Sézane réinvente le retail et le catalogue

En 2008, Morgane Sézalory créait Sézane, une marque de prêt-à-porter exclusivement vendue online, affranchie des intermédiaires et des contraintes du retail « brick and mortar » classique. Depuis les Parisiennes s’arrachent ses collections exclusives et en séries limitées. Forte de ce succès et toujours agile, la marque n’hésite pas à tester de nouveaux services et opportunités.

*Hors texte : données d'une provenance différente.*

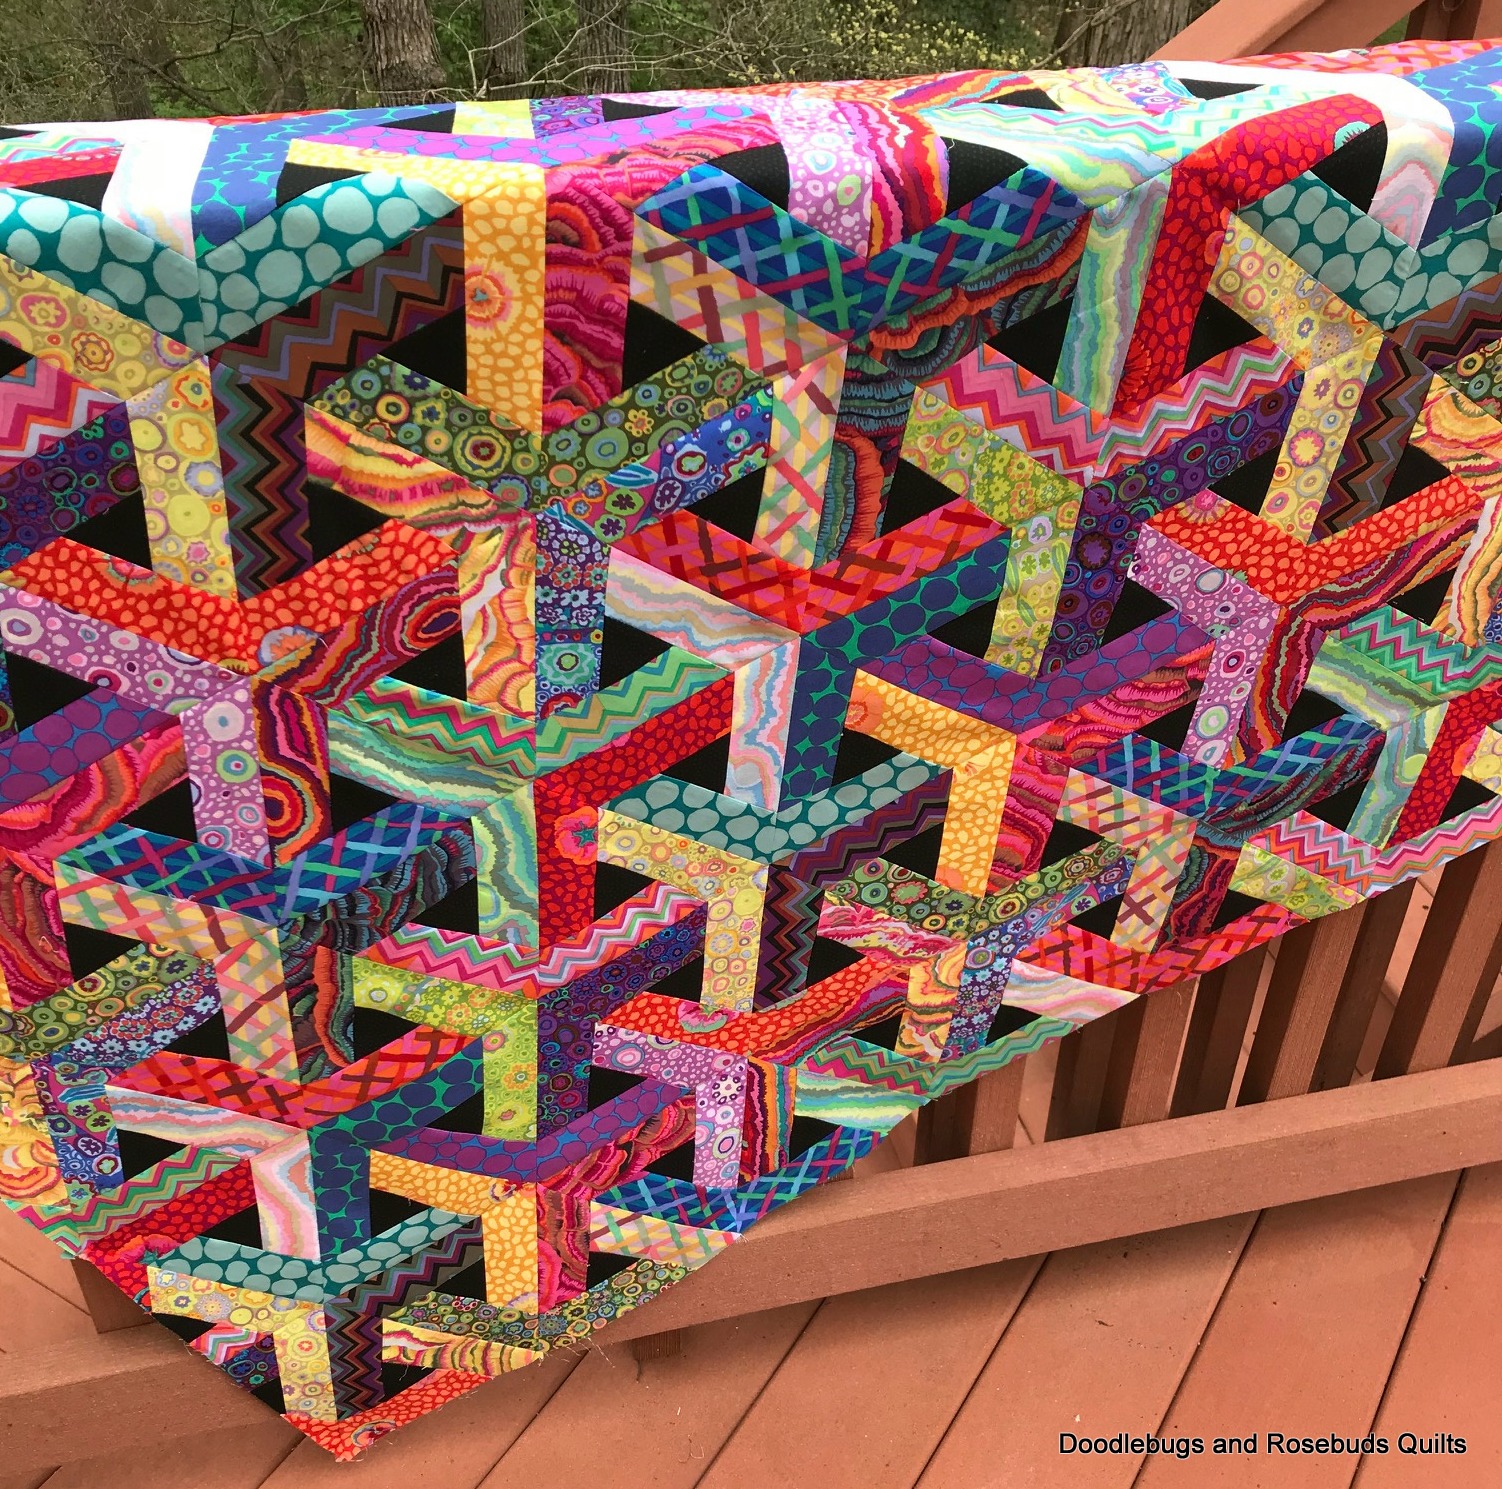 Doodlebugs and Rosebuds Quilts: Finished Escher Top

Après un appartement showroom, progressivement devenu une vraie boutique, les fêtes de fin d’année ont vu l’extension du territoire géographique de la marque avec l’ouverture d’une librairie boutique consacrée à la maroquinerie et d’un Click & Collect. Un « Village de Noël » autour de la rue Saint-Fiacre dans le 2ème arrondissement de Paris, qui se transforme aujourd’hui en  « Village Sézanne »  pérenne. Cette réussite témoigne de l’importance de l’expérience physique entre une marque et ses clients ainsi que de l’opportunité de pouvoir raccourcir la chaîne logistique de livraison à des périodes clés de l’année.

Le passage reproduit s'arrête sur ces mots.